This has “almost” been the case with one of my articles titled Definition & types of technical drawing. The article has roughly one-third the number of likes and comments that My reception of “the versatile blogger award” has; yet still, the former has been viewed 400+ times more than the latter.

In fact, as at the time of writing, My reception of “the versatile blogger award” was on the 1st position in terms of total number of likes from WordPress.com-based readers, while Definition & types of technical drawing was on the 71st position. We can all agree that results would have been very different if readers from outside WordPress.com—such as Google, Bing, Yahoo Search, Facebook, etc.—decided, or were easily allowed to like/comment on WordPress.com-based posts.

In order to express these realities more, we will look at screenshots, stats and analysis of a one of my article’s views on my site’s WordPress.com-hosted dashboard, and Google search console performance reports, respectively. In addition, we will briefly discuss 2 other articles that respond to searches/queries and attract views from Google.

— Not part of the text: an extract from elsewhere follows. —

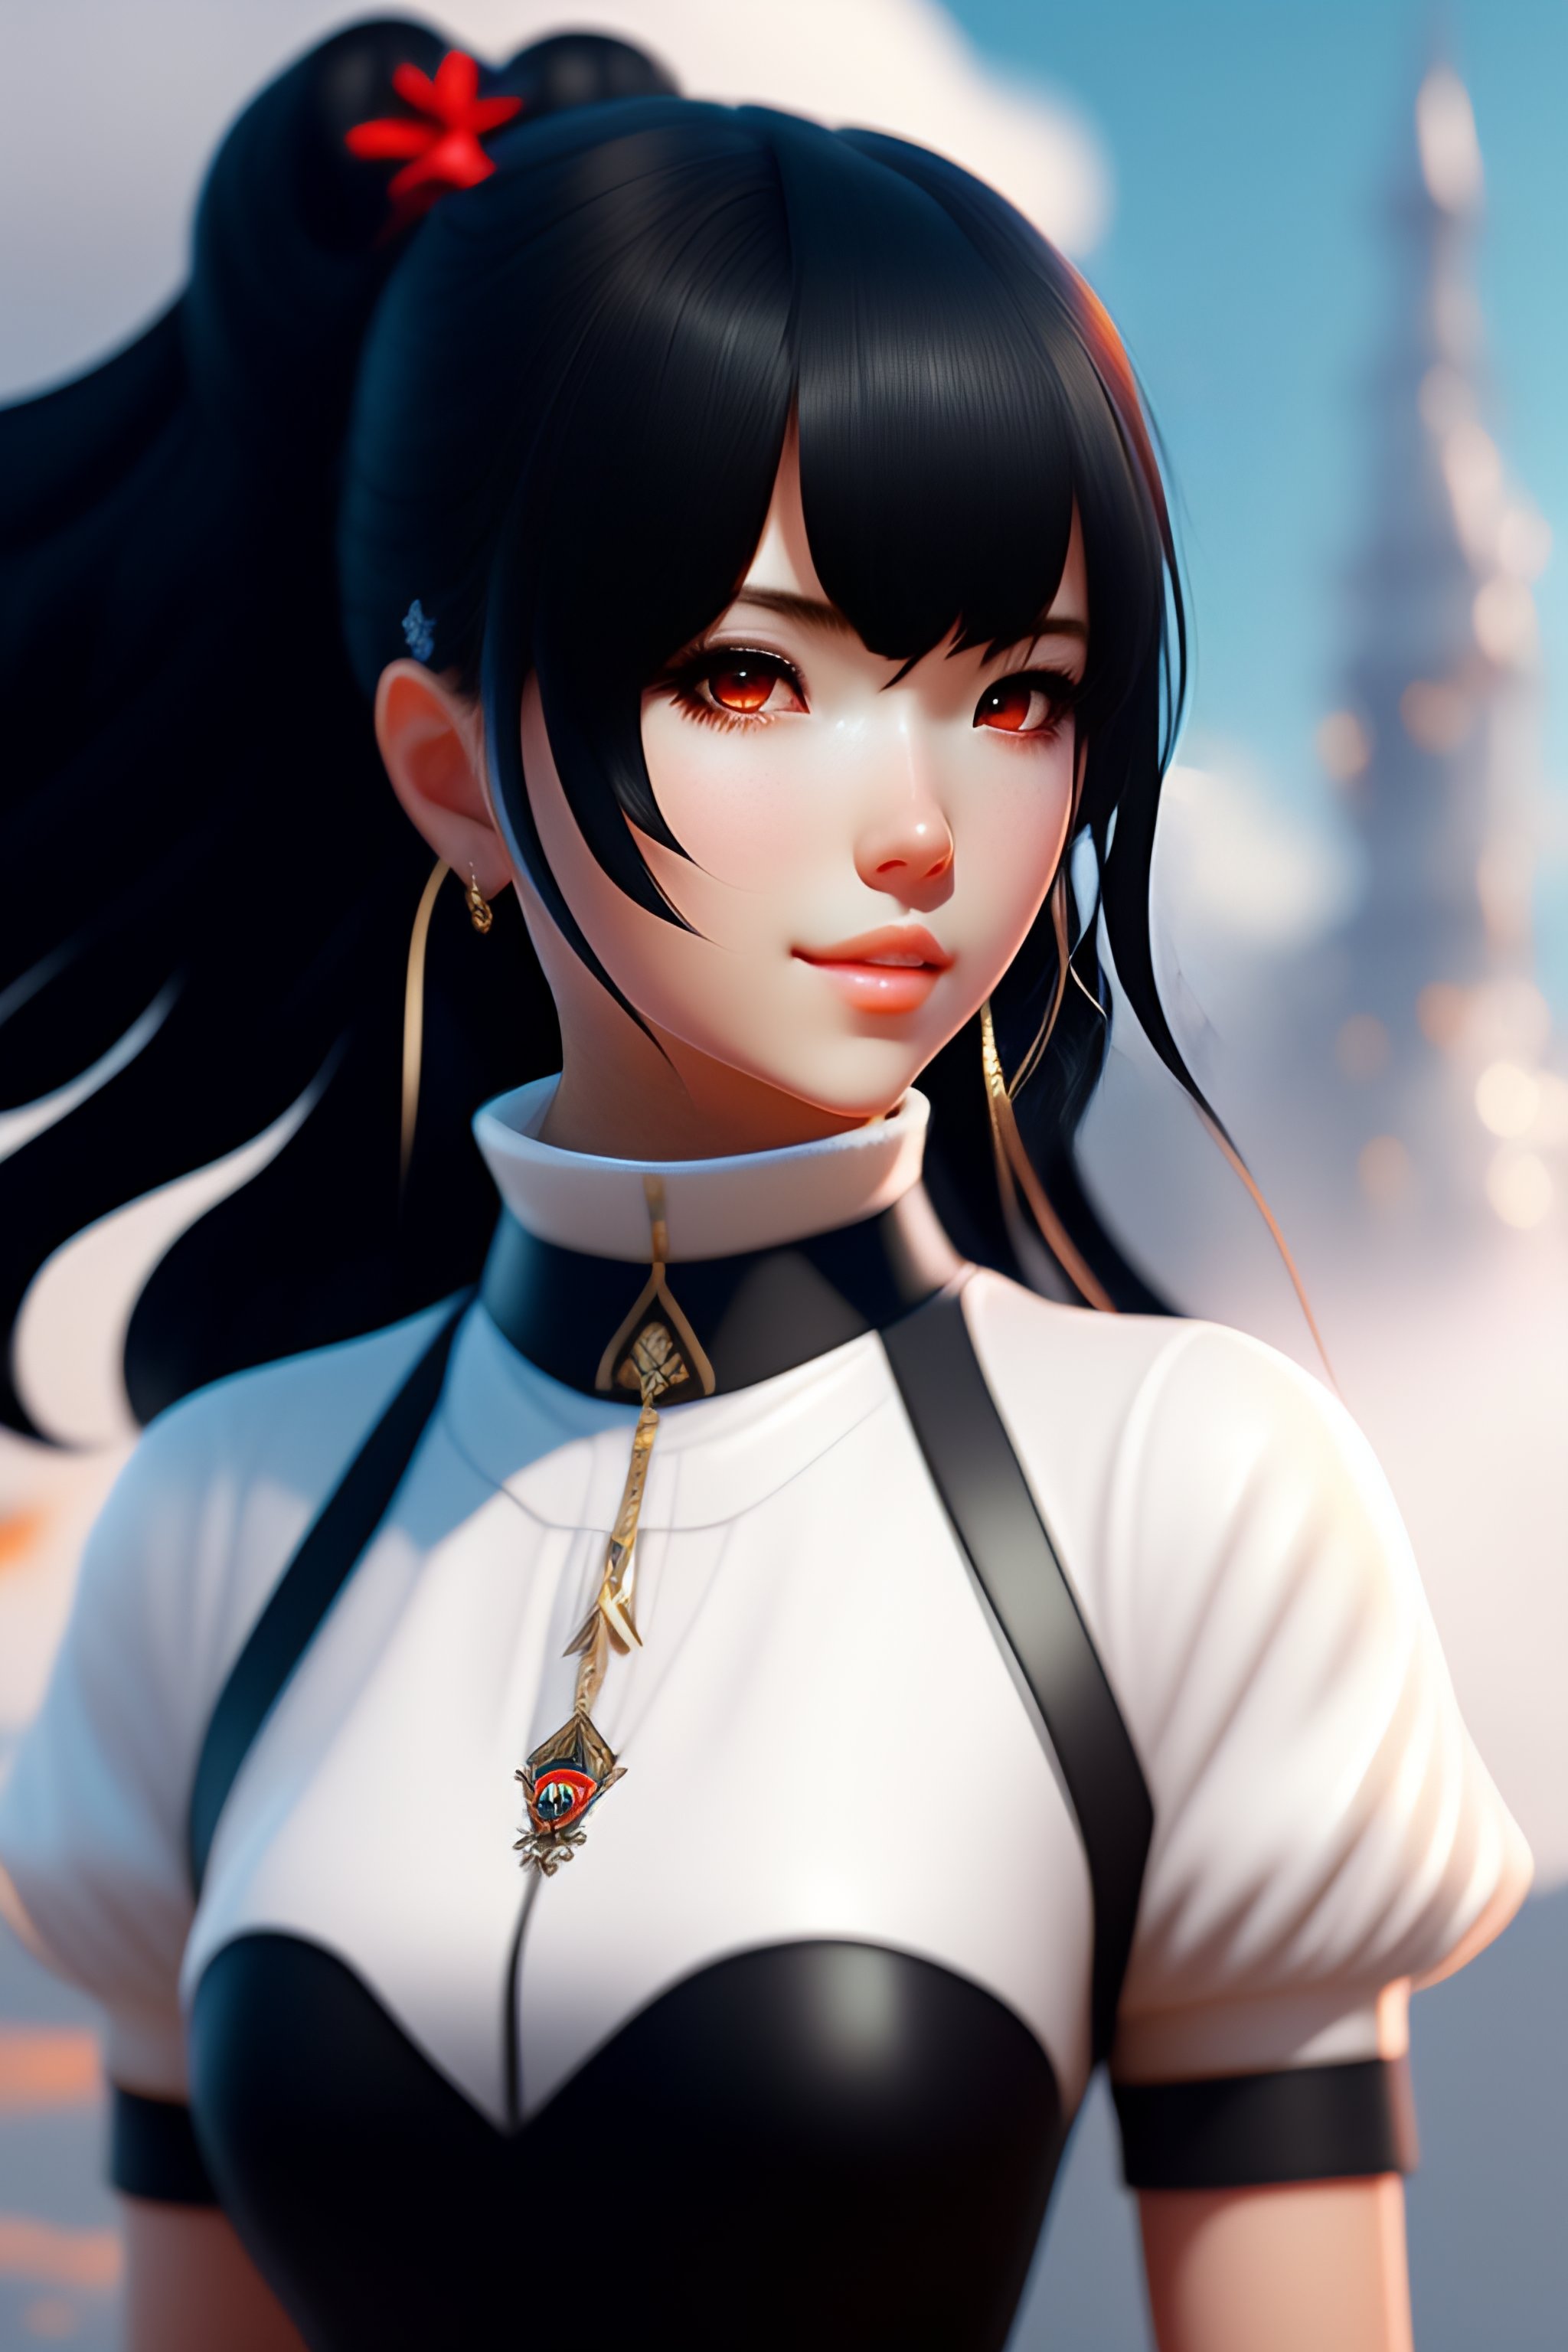 Lexica Cute Anime Girl With Red Eyes Black Hair Wearing White Black Outfit Costume Black Hair 5427

Before we move forward, truth be told: over time, keyword optimization can help your articles attract the highest number of views as possible from all search engines, especially the most powerful one: Google. The right application of keyword search optimization can bring your website a lot of exposure, visitors, customers, conversions, and even money.

Generally, we will discuss the following:

  • Definition of keyword search optimization.
  • Importance/advantages of using keyword search optimization.
  • Screenshots, stats and analysis of my highest viewed keyword-search-optimized article titled: “Definition & types of technical drawing”.
  • Practical example: where and how to place keywords.
  • Conclusion.

Definition of keyword search optimization

Keyword optimization can be defined as the process of conducting keyword research with the aim of analyzing and selecting the best keywords that would target and drive qualified traffic from search engines to a website and its article(s).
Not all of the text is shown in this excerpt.